_Provided information_:
'''

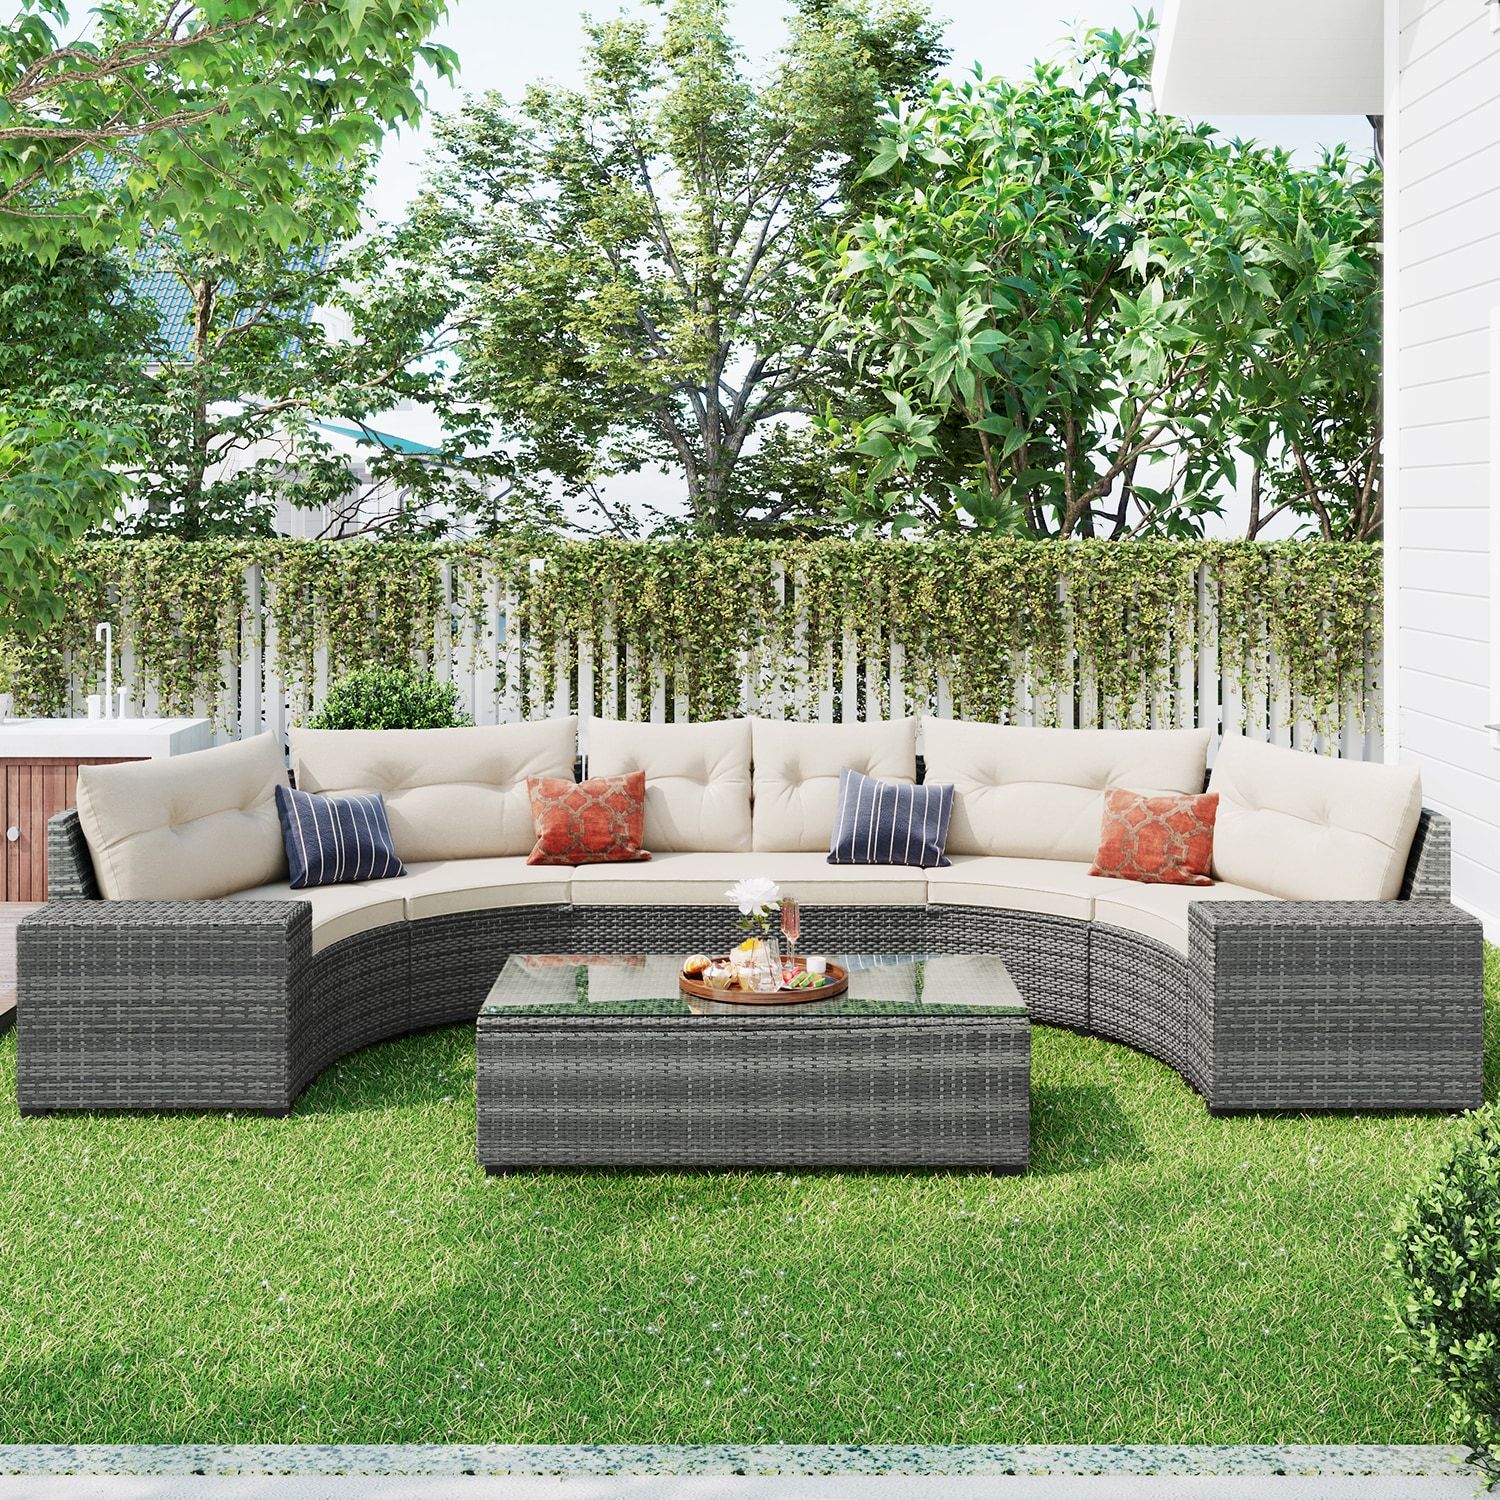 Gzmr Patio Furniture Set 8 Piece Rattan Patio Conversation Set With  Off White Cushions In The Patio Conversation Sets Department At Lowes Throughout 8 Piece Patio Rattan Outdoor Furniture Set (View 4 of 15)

'''
'''

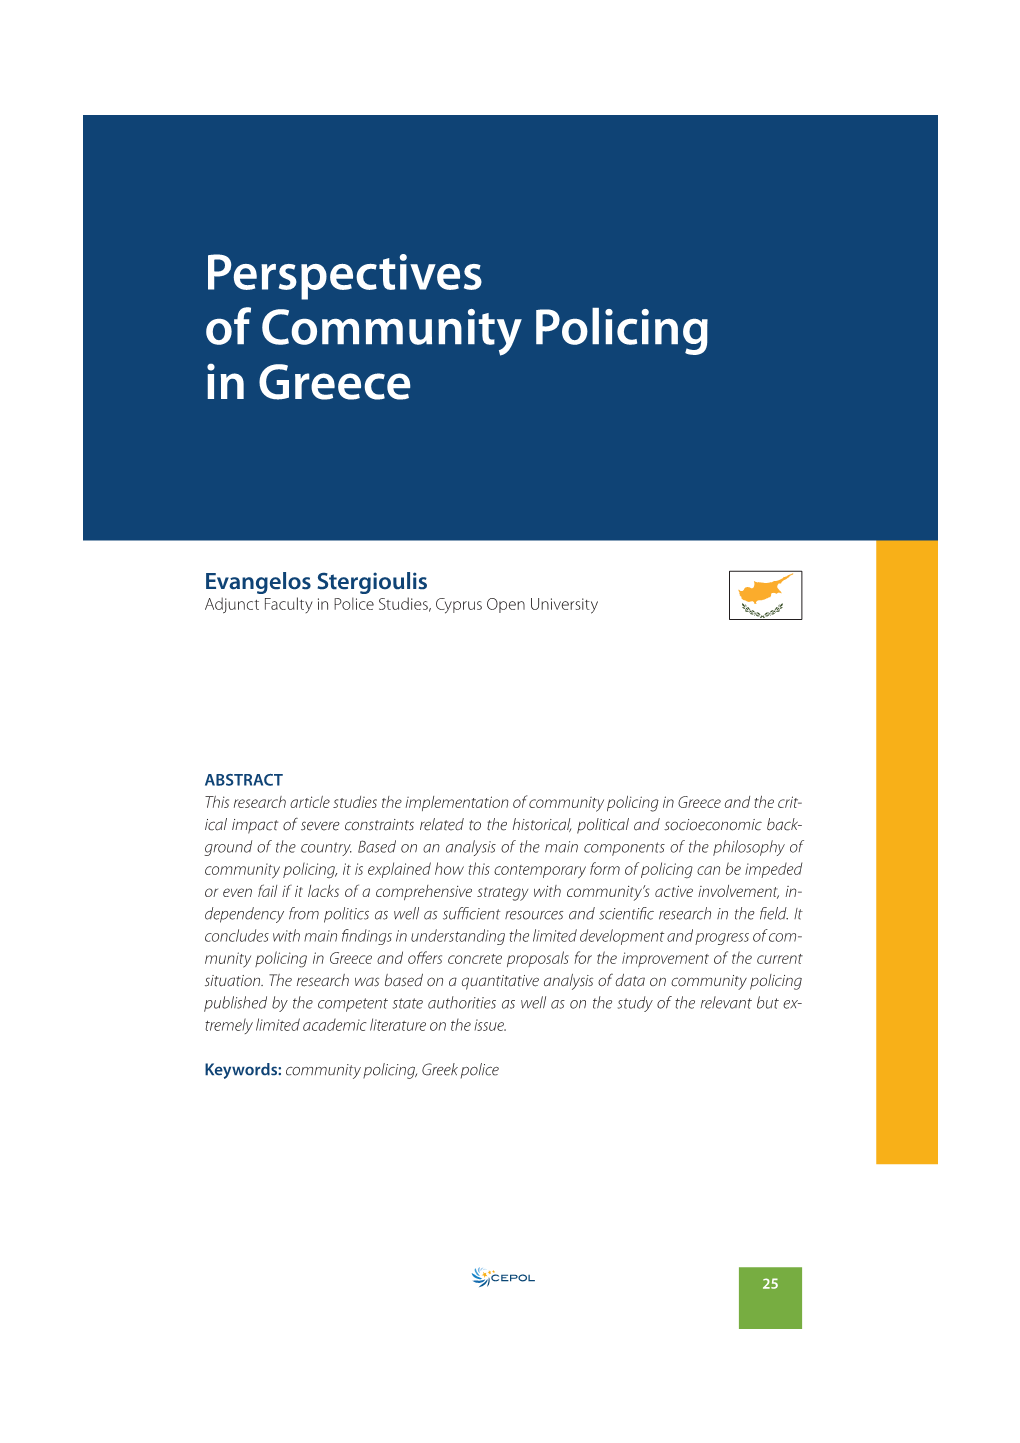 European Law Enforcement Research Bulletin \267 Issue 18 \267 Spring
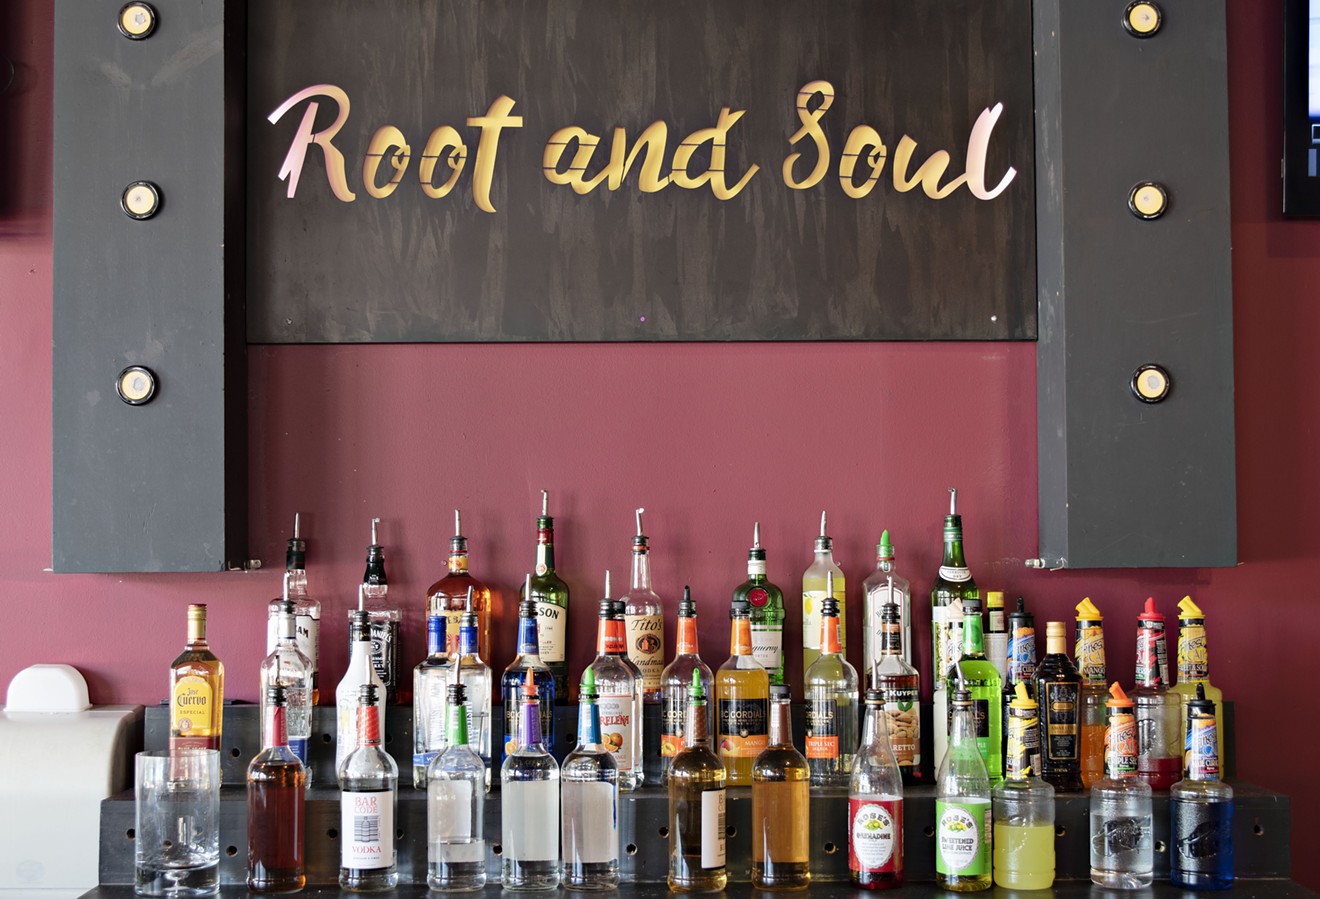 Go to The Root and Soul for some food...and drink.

'''
'''

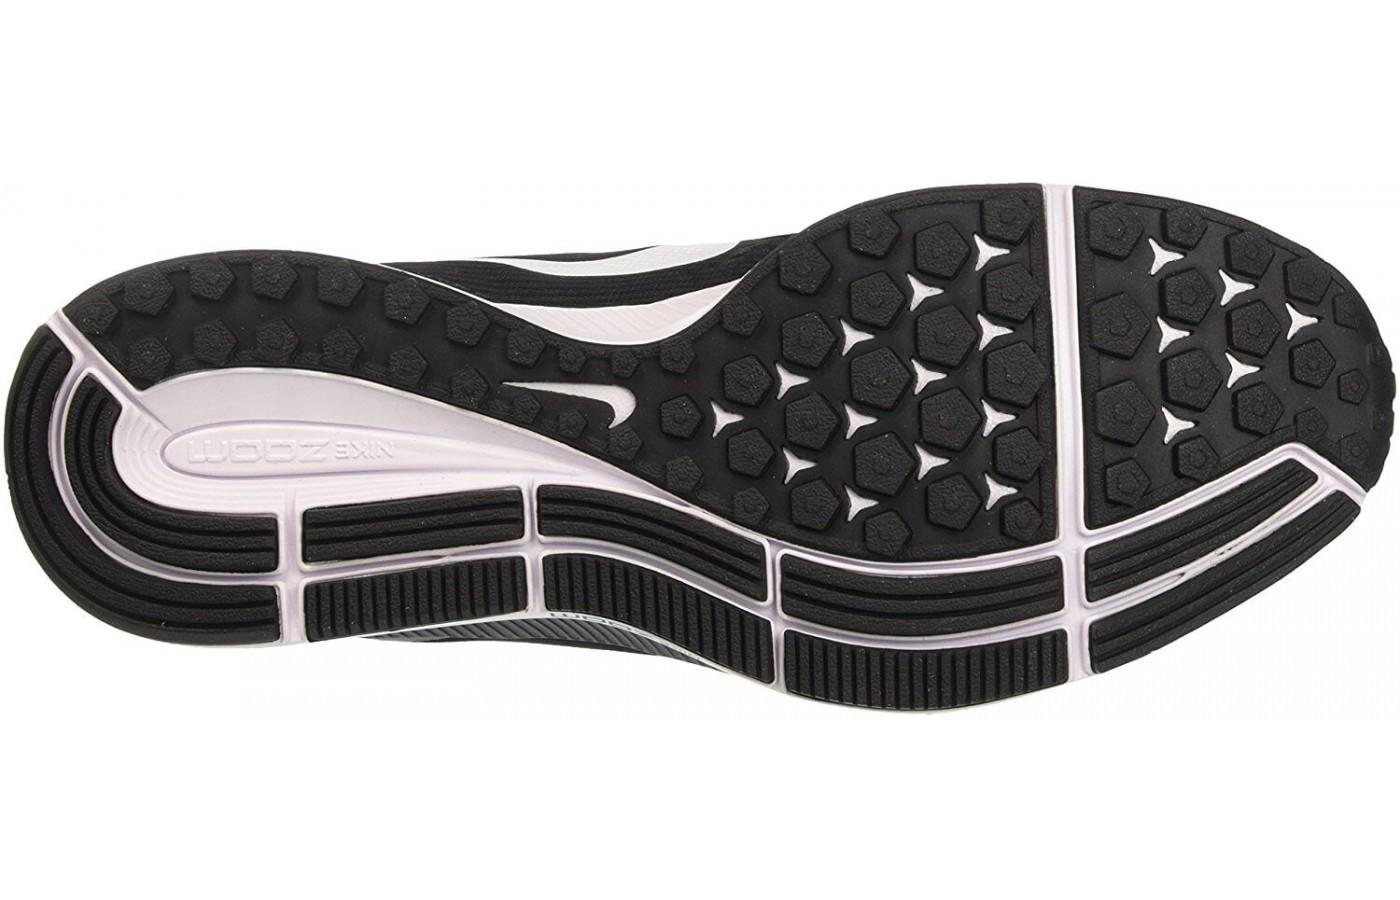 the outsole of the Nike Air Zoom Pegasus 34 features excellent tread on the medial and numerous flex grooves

'''

_What you should do_: Could you transcribe exactly the entries above, but only the lines from the one with "European Law Enforcement" through the one with "Go to The Root", and without pictures?

_Response_:
 European Law Enforcement Research Bulletin \267 Issue 18 \267 Spring
 Go to The Root and Soul for some food...and drink.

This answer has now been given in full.